I read this book for the Mount TBR Reading Challenge hosted over
at My
Reader’s Block from January 1 – December 31, 2016. The challenge is to read
books that you already own.
Appleby’s Answer
– Micheal Innes
Like Nicholas Blake, Cyril Hare, Mary Fitt and Josephine
Tey, Michael Innes wrote mysteries with bookish people in mind. His vocabulary
makes readers run to their dictionary: weedy, embrocation, and inamorato. His grammar will become intricate too. Being
a scholar of Conrad, Kipling, Hardy, and Shakespeare, his copious and learned allusions dazzle and intimidate. His Dickensianism
depends on farce, satire, faux pas, and zany characters in bizarre situations.
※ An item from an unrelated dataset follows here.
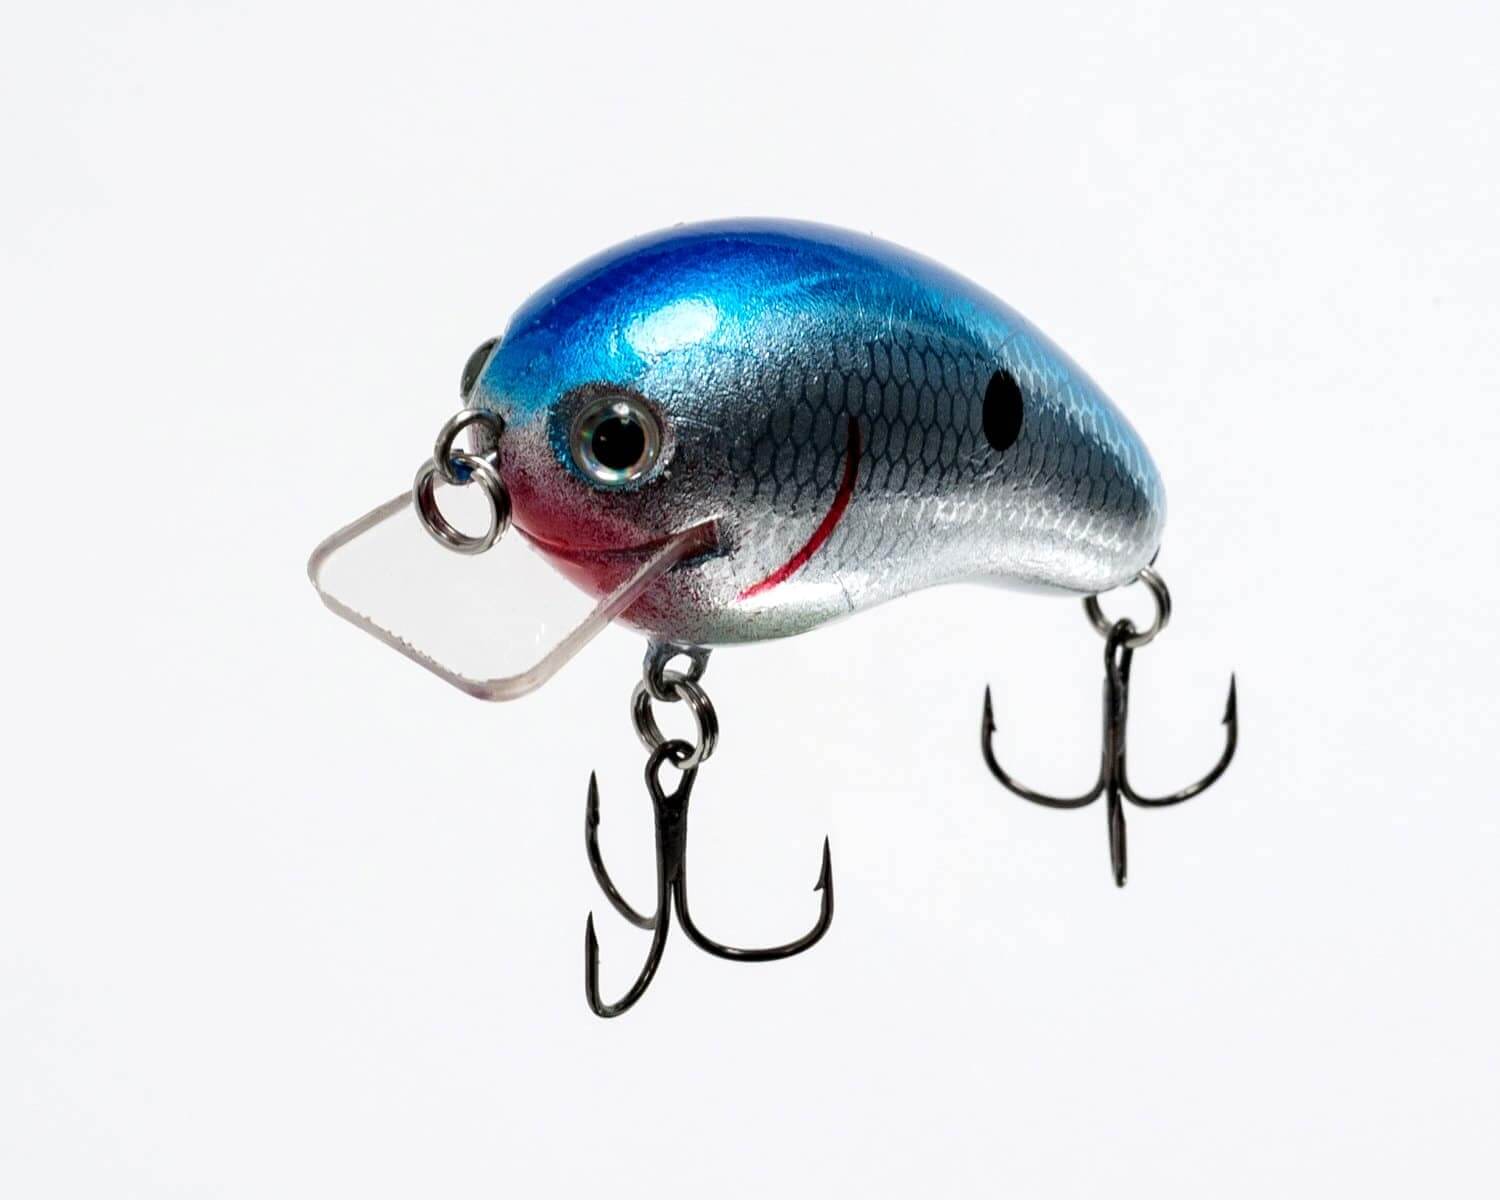 Fishing Lures, Hard Suspending Fish Bait Lures Floating Pencil Bass Bait  with Treble Hooks for Bass Trout Walleye, Floating Lures -  Canada

All in all, a pleasure for hard-core readers, the kind of people who read
Anthony Trollope for fun, the reader who doesn't expect to take all novels seriously.
This one opens with Innes’ poking gentle fun at mystery
writers who write cozies like Murder in
the Cathedral and Vengeance at the
Vicarage. Authoress Priscilla Pringle is gratified to spy a fellow train
passenger reading one of her whodunnits. Her curiosity is quickened when the fellow
passenger seeks her advice on how to commit murder, blackmail, and arson. She
gets the feeling that the passenger indeed has nefarious plans. As the plot
unfolds, lucky coincidence takes a hand and enter our series hero John Appleby.
Now a 60-year-old retiree of the Commissioner of
Metropolitan Police, Sir John and sculptress wife Judith investigate what may be
a complex criminal plot or silly damn malice. Published in 1973, this is very
much a late entry in the canon, which began in 1936 with Seven Suspects (aka Death at
the President’s Lodging). Appleby’s
Answer is a novelette, which is okay with me. With age, I grow impatient
with mysteries that seem more wearying and otiose the longer they are. New readers of
Michael Innes would do better to test the early ones such as Hamlet, Revenge!, Lament for a Maker or Stop Press; fans of Innes – readers like
me – will like regardless.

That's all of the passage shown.